Introduction
Wrangling complex Kubernetes commands, debugging cryptic CI/CD errors, and writing one-off bash scripts are daily realities in DevOps. While AI assistants like ChatGPT are useful, sending internal scripts, infrastructure details, or proprietary documentation to a third-party service is a non-starter for many organizations. The solution is to build your own.
This tutorial guides you through creating a completely private, locally-hosted AI DevOps assistant. It will run on your machine, answer questions about your tools, and even learn from your internal documentation. You will learn to set up a local Large Language Model (LLM) with Ollama, serve it through a standard API, and enhance its capabilities with a simple but powerful Retrieval-Augmented Generation (RAG) pattern.
Why Go Local? The Case for a Private DevOps Brain
Building your own assistant isn’t just a novelty; it’s a strategic advantage.
- Absolute Privacy and Security: Your queries, scripts, and internal data never leave your machine. This is critical for handling sensitive information like infrastructure code, logs, and proprietary runbooks.
- Zero Cost: Forget per-token fees and API bills. Once the open-source models are downloaded, you can run inference as much as you need, for free.
- Offline Capability: Your assistant is available even without an internet connection, making it a reliable tool in restricted or on-the-go environments.
- Deep Customization: You control the AI’s behavior. You can tailor its knowledge, personality, and expertise to match your team’s specific tech stack and workflows.
The Tech Stack: Our Open-Source Toolkit
We’ll use a handful of powerful, lightweight tools to assemble our assistant:
- Ollama: A brilliant command-line tool that makes it incredibly simple to download, manage, and run open-source LLMs like Llama 3 locally.
- Llama 3: The “brain” of our assistant. We’ll use the 8-billion parameter instruction-tuned model (
llama3:8b-instruct), which offers an excellent balance of performance and resource efficiency. - Python: The glue that holds everything together. We’ll write a simple script to orchestrate the logic of our assistant.
- Your Documentation: The real magic. We’ll use your existing Markdown files, cheat sheets, and runbooks as a custom knowledge base.
Step 1: Setting Up Your Local LLM with Ollama
First, let’s get a powerful language model running on your machine. Ollama makes this process a breeze.
Install Ollama
On macOS or Linux, open your terminal and run the official installation script:
# Download and install Ollama
curl -fsSL https://ollama.com/install.sh | sh
For Windows, you can download the installer from the Ollama website.
Pull a Model
With Ollama installed, you can now pull a model from the Ollama library. We’ll use Llama 3’s 8B instruction-tuned version. It’s powerful enough for complex DevOps tasks and runs well on most modern laptops.

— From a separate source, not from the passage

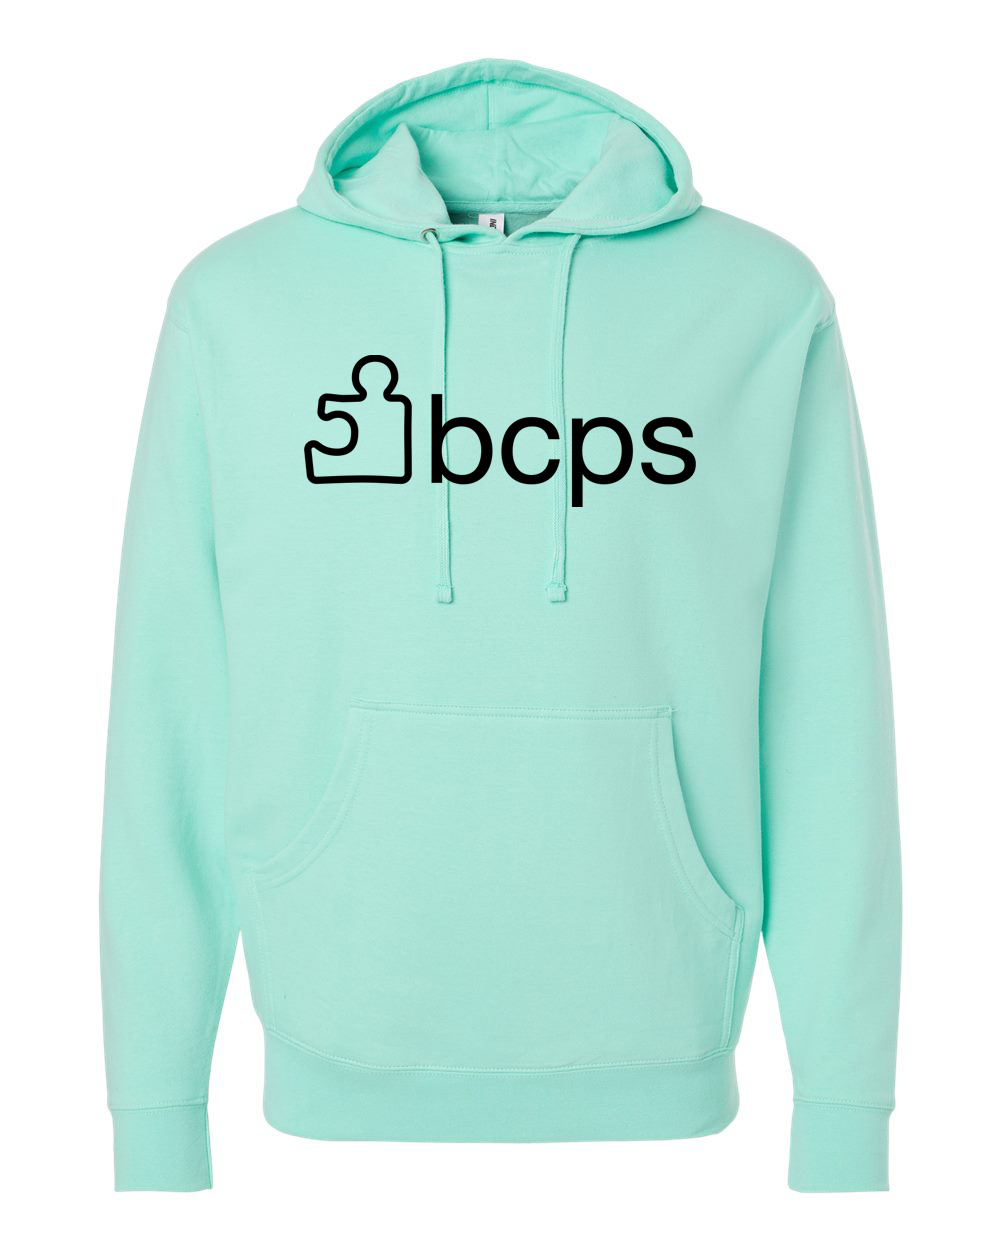 BCPS | Independent Brand Hoodie

# Download the Llama 3 8B instruction-tuned model
ollama pull llama3:8b-instruct
This download is several gigabytes, so it may take a few minutes depending on your internet connection. You can also try other models like codellama for a more code-focused assistant or mistral for a different flavor of performance.
Test the Model
You can immediately chat with your model directly from the command line to ensure it’s working.
# Start a chat session with the model
ollama run llama3:8b-instruct
Try asking it a simple DevOps question:
What does
kubectl rollout restart deploymentdo?
You should get a concise and accurate answer. To exit the chat, type /bye.
Step 2: Building the Assistant Logic in Python
Now that we have a local LLM, let’s build a Python script to interact with it programmatically. This will allow us to add custom logic and a specialized system prompt.
First, install the necessary Python library.
pip install ollama
Next, create a Python file named assistant.py. We’ll start with a basic script that defines the assistant’s persona and asks a question.
import ollama
import sys
# Define the expert persona for our DevOps assistant
SYSTEM_PROMPT = """
You are a senior DevOps engineer and an expert in Linux, Docker, Kubernetes, Terraform, and CI/CD pipelines.
Your responses should be clear, concise, and include executable code examples where possible.
When a user asks a question, provide the best possible answer based on your knowledge.
"""
def main():
"""Main function to run the assistant."""
if len(sys.argv) < 2:
print("Usage: python assistant.py \"<your question>\"")
sys.exit(1)
user_query = sys.argv[1]
response = ollama.chat(
model='llama3:8b-instruct',
messages=[
{'role': 'system', 'content': SYSTEM_PROMPT},
{'role': 'user', 'content': user_query},
]
)
print(response['message']['content'])
if __name__ == "__main__":
main()
Run it from your terminal:
python assistant.py "How do I copy a file from a Docker container to my host machine?"
The script will send your query, along with our custom system prompt, to the local Llama 3 model and print the response. You now have a specialized, command-line DevOps expert.
Step 3: Supercharging with RAG (Retrieval-Augmented Generation)
Our assistant is smart, but it doesn’t know about your specific environment. It doesn’t know your team’s runbooks, your company’s Terraform module standards, or your private server hostnames. Let’s fix that with RAG.
RAG is a technique where you “retrieve” relevant information from your own documents and “augment” the LLM’s prompt with that information. This gives the model the context it needs to provide highly relevant, specific answers.
The flow is simple:
- Find: Search a local folder of documents for content related to the user’s query.
- Augment: Inject the found content directly into the prompt.
- Generate: Ask the LLM to answer the user’s question using the provided context.
A Simple RAG Implementation
Let’s create a docs/ directory and add a sample document.
docs/k8s-conventions.md:
# Kubernetes Naming Conventions
- **Production Namespace:** All production workloads must be deployed in the `prod-main` namespace.
- **Staging Namespace:** All staging workloads must be deployed in the `staging-alpha` namespace.
- **Restarting Deployments:** To perform a rolling restart, use the command `kubectl rollout restart deployment <deployment-name> -n <namespace>`.
Now, let’s update assistant.py to include our RAG logic. We’ll add a simple function to search our docs/ folder. For this tutorial, we’ll use a basic keyword search. For more advanced use cases, you could integrate a vector database like Chroma DB.
import ollama
import sys
import os
# Define the expert persona for our DevOps assistant
SYSTEM_PROMPT = """
You are a senior DevOps engineer and an expert in Linux, Docker, Kubernetes, Terraform, and CI/CD pipelines.
Your responses should be clear, concise, and include executable code examples where possible.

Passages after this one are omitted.